Start of Supplied data

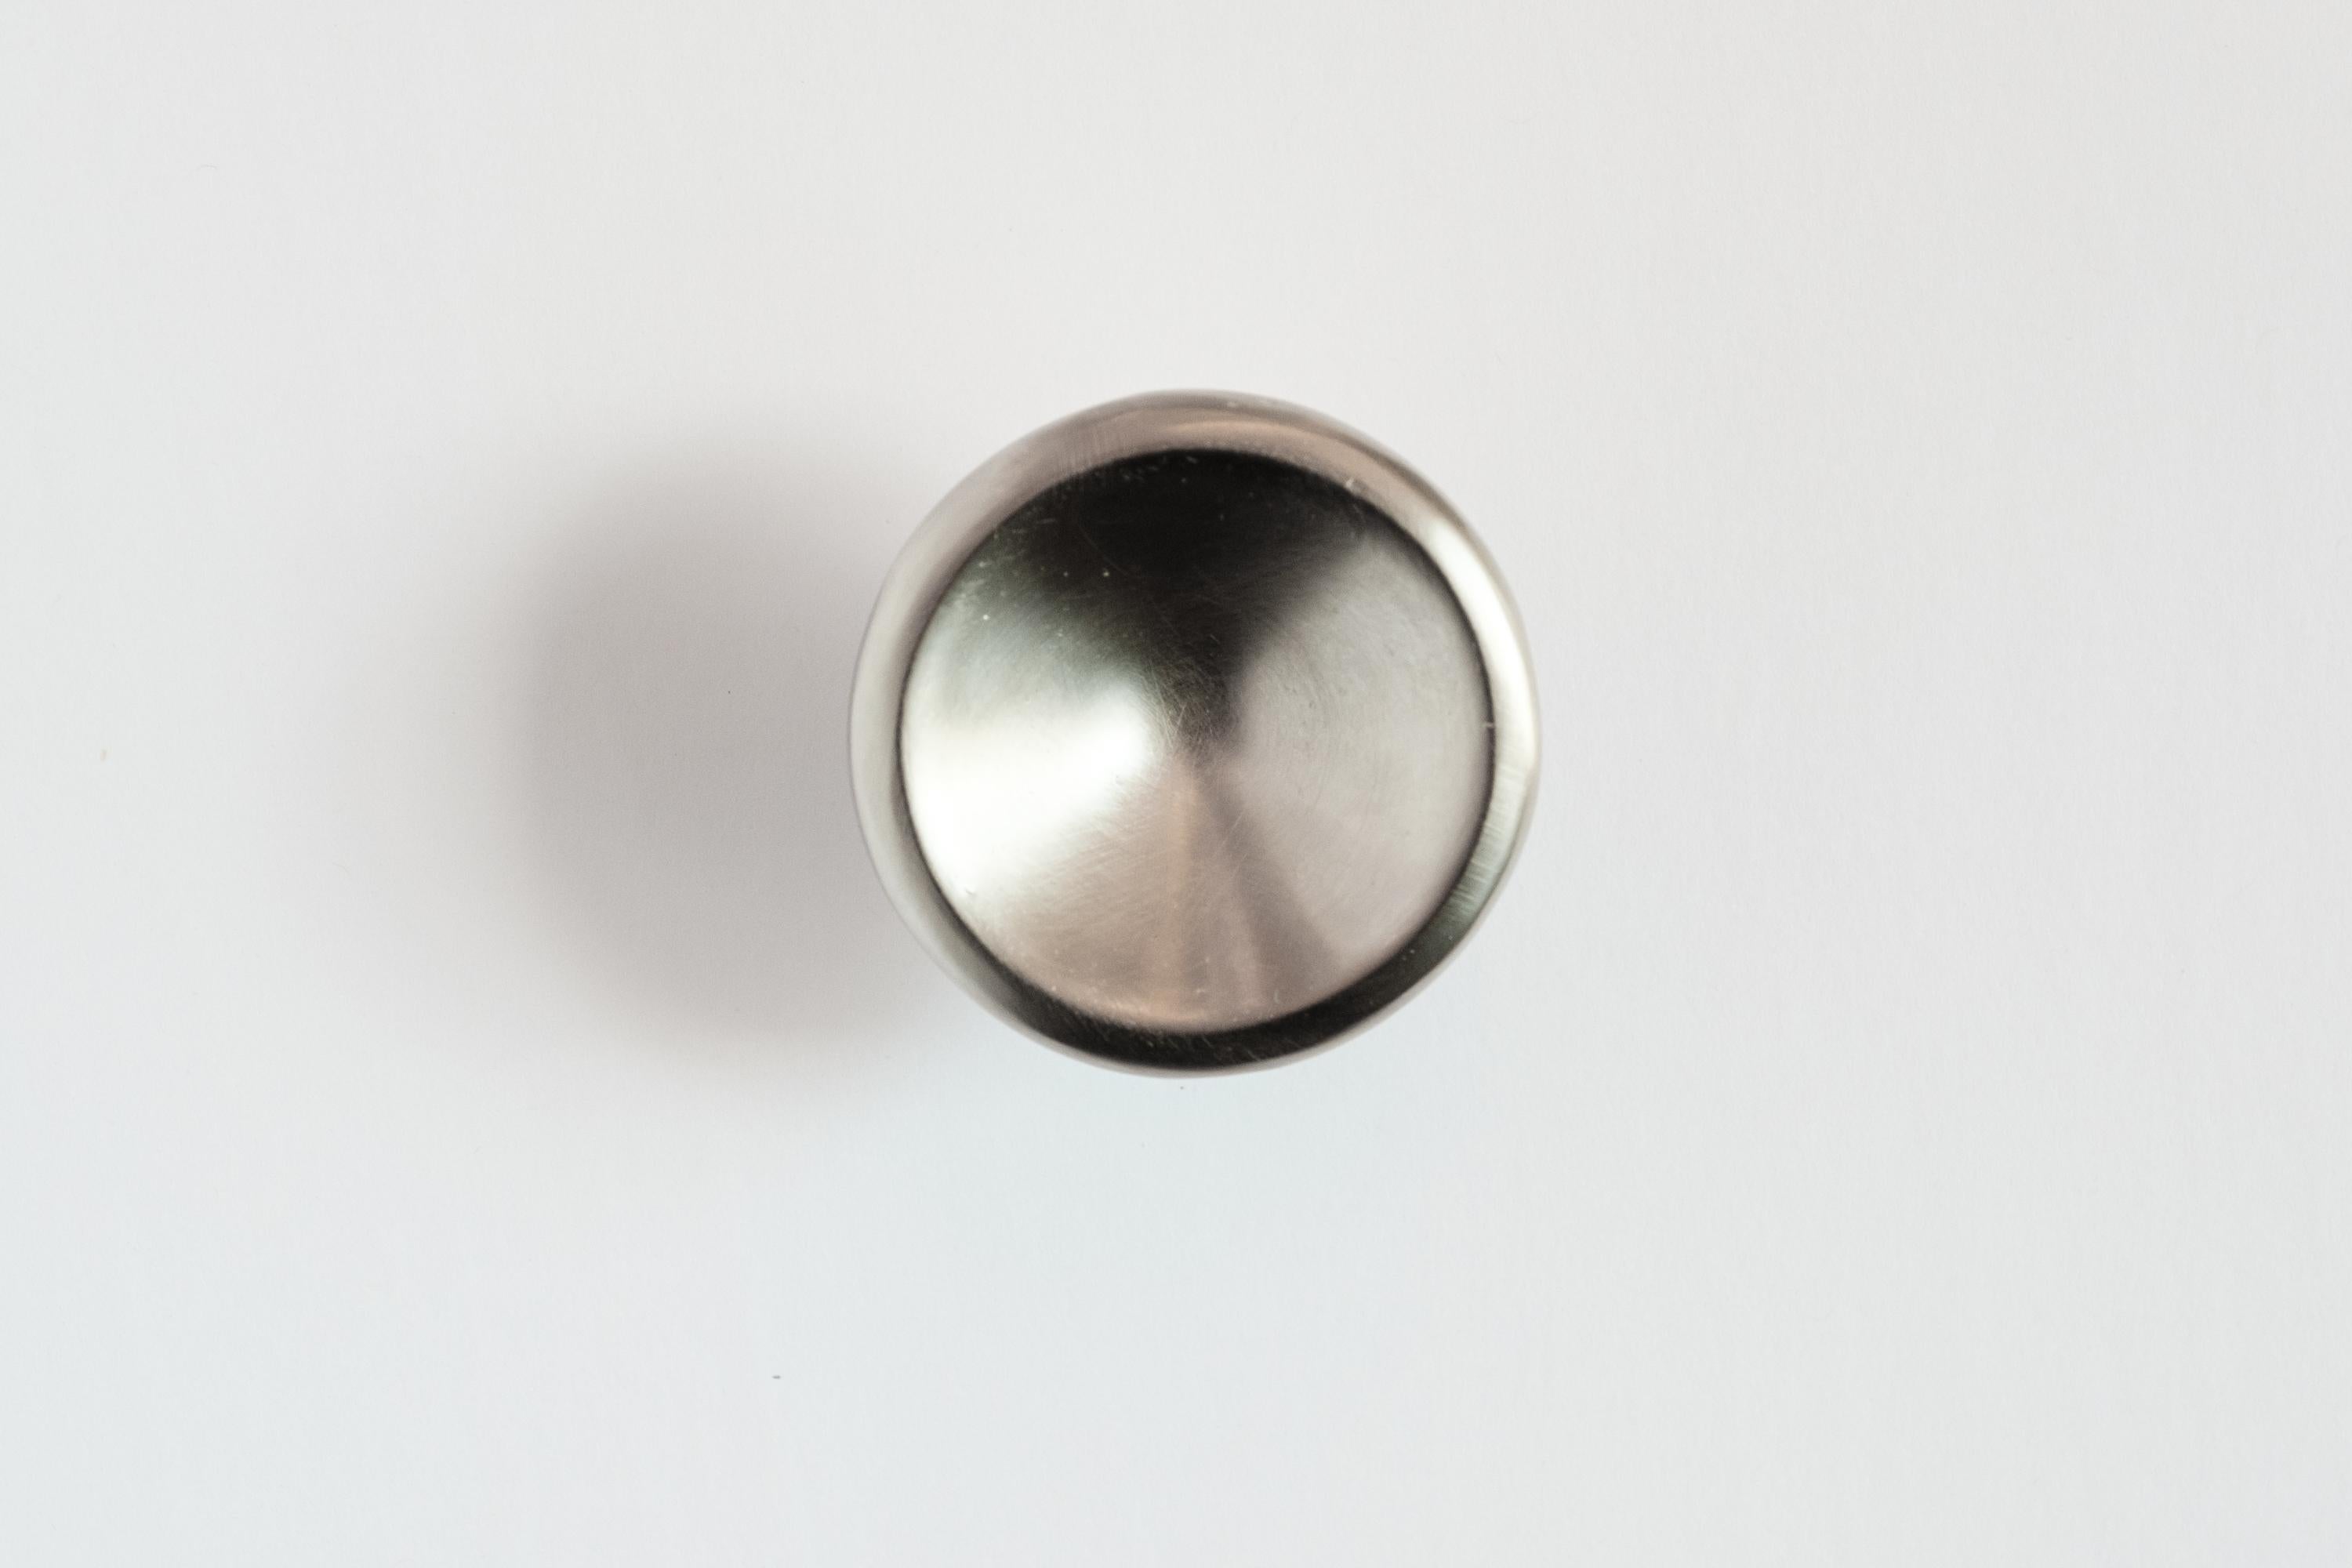 Carl Auböck model #8040-2 knob in nickel.

Designed in the 1950s, this versatile and Minimalist Viennese knob is executed in brushed nickel by Werkstätte Carl Auböck, Austria. Its minimalist design combines clean form with functionality.

Produced
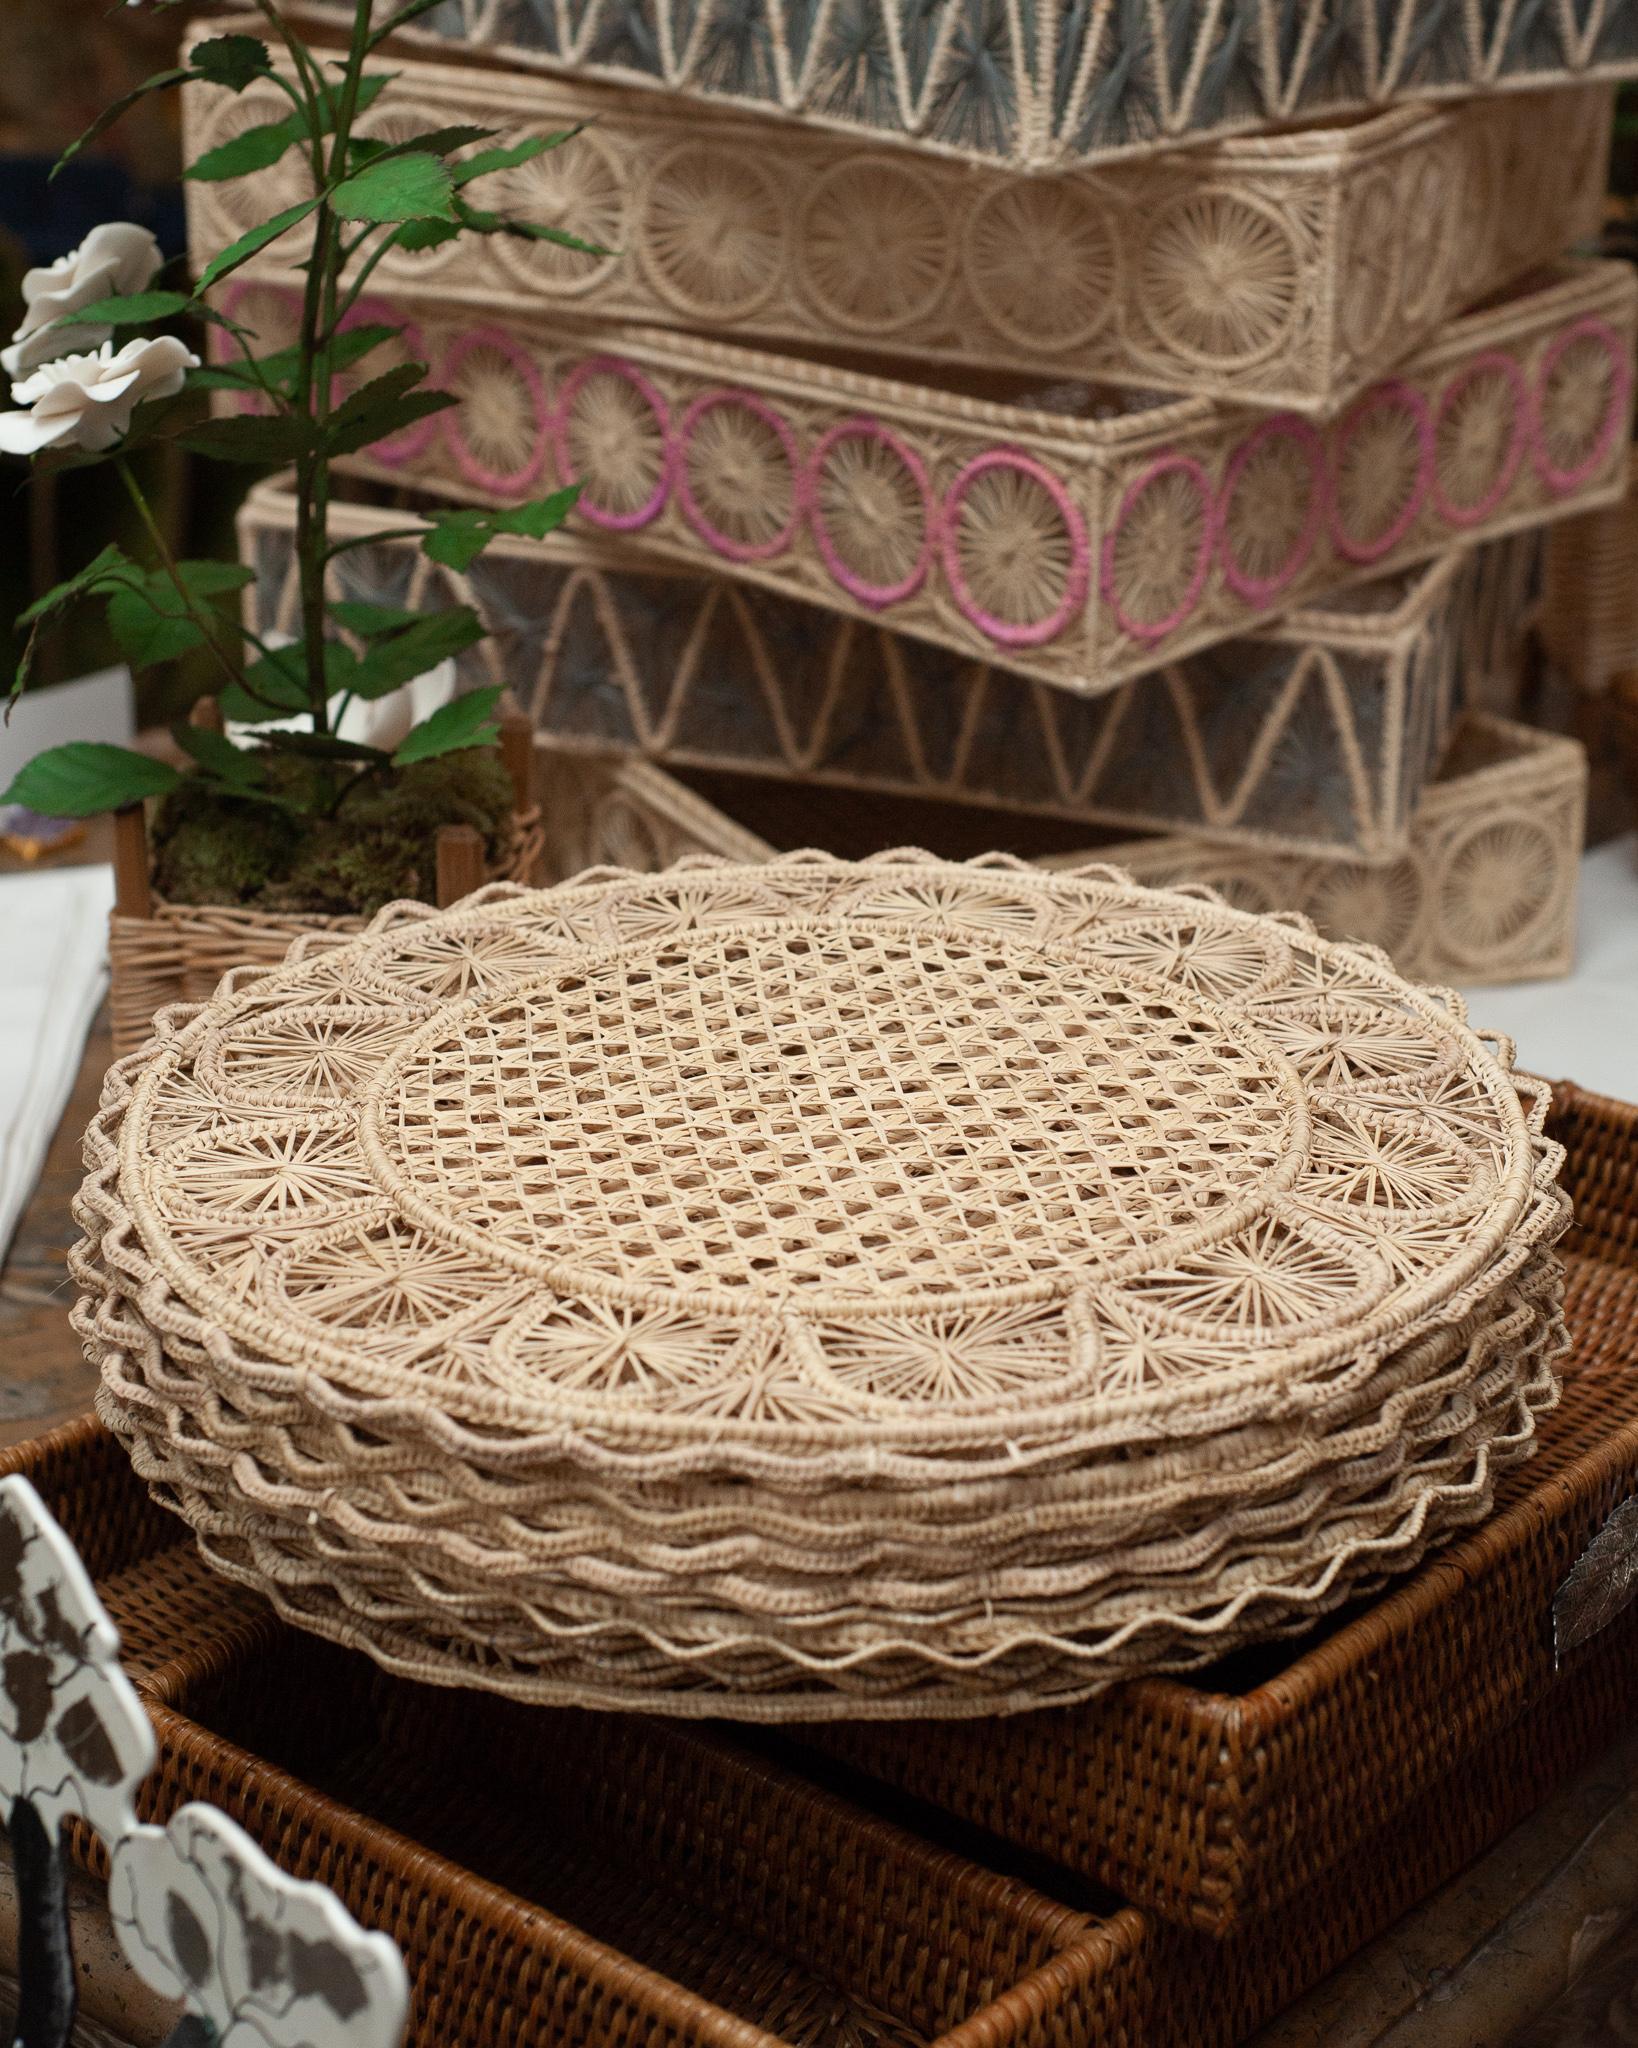 South American Contemporary Set of 6 Handwoven Natural Rattan Placemats

End of Supplied data

▶ [What the exercise asks] Return the listing above in full and unaltered. Keep the pictures out.

▶ [Exercise answer]
 Carl Auböck model #8040-2 knob in nickel.

Designed in the 1950s, this versatile and Minimalist Viennese knob is executed in brushed nickel by Werkstätte Carl Auböck, Austria. Its minimalist design combines clean form with functionality.

Produced
 South American Contemporary Set of 6 Handwoven Natural Rattan Placemats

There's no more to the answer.